# Online Games.....



## Ceri. (Sep 6, 2004)

Got any good games or just irritating addicted ones to share?

Katyblue... here ya are! Fly the chopper.... http://www.seethru.co.uk/zine/south_coast/helicopter_game.htm
I managed 733 points!

Ceri x

This post contains an unconfirmed link/information and readers are reminded that FertilityFriends.co.UK or its owners are not responsible for the content of external internet sites


----------



## Anthony Reid (Jan 1, 2002)

799 points


----------



## Ceri. (Sep 6, 2004)




----------



## katyblue (Aug 3, 2005)

Hi Ceri hun,  

oooh,this is addictive! It took me ages to get the hang of it.. Unfortunately I'm not very good (yet) so i wont post my score and embarrass myself    Going to have another go though before the weebster comes along and smashes all the high scores..  

K.
XX


----------



## Ceri. (Sep 6, 2004)

1257 and i've got a headache now!
Tony   right back at ya!


----------



## weeble (Dec 5, 2005)

katyblue said:


> Going to have another go though before the weebster comes along and smashes all the high scores..

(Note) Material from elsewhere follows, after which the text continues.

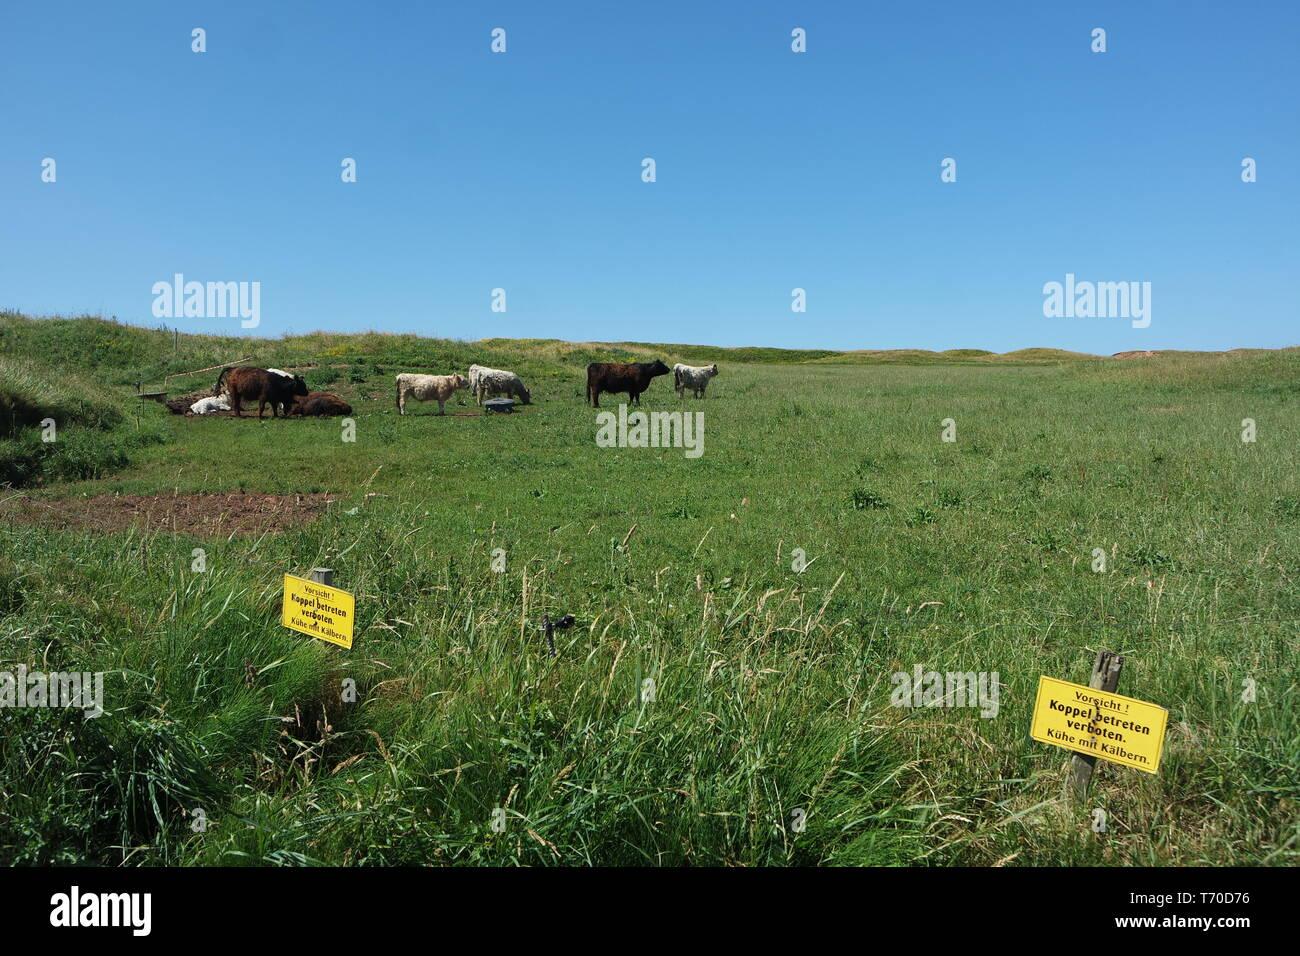 Pastureland on Heligoland - Stock Image

Oh God I darent even try darling. Gave up smoking yesterday and if I cant do it, Im likely to throw the pc out the window.


----------



## Bekie (Aug 23, 2004)

I loooove online games at the minute i cant stop playing this

http://www.addictinggames.com/3dbilliards.html

And i am obsessed with The webiste www.addictinggames.com

It has sooooo many games on it   

This post contains an unconfirmed link/information and readers are reminded that Fertilityfriends.co.uk or its owners are not responsible for the content of external internet sites.


----------



## Prue (Jul 31, 2006)

Hi girls, 
I'm totally adicted to Parasites in the charter section!
love
Prue.x


----------



## katyblue (Aug 3, 2005)

@ Weeble!!

Posted these on here a while ago, so you might have already played them, but these are my 2 fave *addictve* games:

http://www.blockfrenzy.com/ 

and

http://www.albinoblacksheep.com/flash/squares2.php 

xxxxxx

This post contains an unconfirmed link/information and readers are reminded that Fertilityfriends.co.uk or its owners are not responsible for the content of external internet websites.


----------



## coxy (Aug 4, 2005)

Check out www.quizardry.com

loads of games on there, ones you can download.

Julia

This post contains an unconfirmed link/information and readers are reminded that Fertility.co.uk or its owners are not responsible for the content of external internet websites


----------



## Ceri. (Sep 6, 2004)

Try this game... www.isketch.net 
Nicky originally posted it on another board and since then i'm addicted and it DEFINATELY helps takes ya mind off things during the 2ww!
Ceri x


----------



## borntoshop7474 (Mar 24, 2004)

Im into Literati on Yahoo Games - on line Scrabble if you're into board games.


----------



## danlau (May 16, 2005)

Hiya gals xxx addictive game but great is ..... rocketmania ...just google it and you'll find it no probs


----------



## maximac (Dec 8, 2006)

Hi all,

I found the following site quite good. It has a variety of different games

The link........ www.fetchfido.co.uk

Or you could try.......... www.2dplay.com

Maxi


----------



## sunfish (Apr 20, 2002)

Hi All

I play on www.pogo.co.uk, which is quite good with challenge badges. You do have to pay a subscription to get to some of the games though.

love

Camilla

/links


----------



## kee888 (Aug 12, 2004)

camilla i play on pogo regular too even more so now im without sims at min due to having an accident with red wine and laptop only got megans pc now whats your username hun if ya dont mind me asking mines pinkkee888 and you will normally find me round lottso or bingo or somat what do you play on hun?? did you pay the subscription charge too we did as the adverts got too much annoyance lol hope to see you around kee xxxxxxxxxxxxxxxxxxxxxx


----------



## sunfish (Apr 20, 2002)

Hi Kee

My username is sunfisherstar, I've added you to my friends list. I tend to do the badges, favourite for me at the moment is Hogheaven slots 

I did pay the sub, I don't think its bad with the selection of games you get.

love

Camilla


----------



## chickadee (Jan 15, 2006)

I usually play the games on zylom- www.en.zylom.com. My favourites are bejewelled 2, mah jong fortuna & pharaohs classic.

J x


----------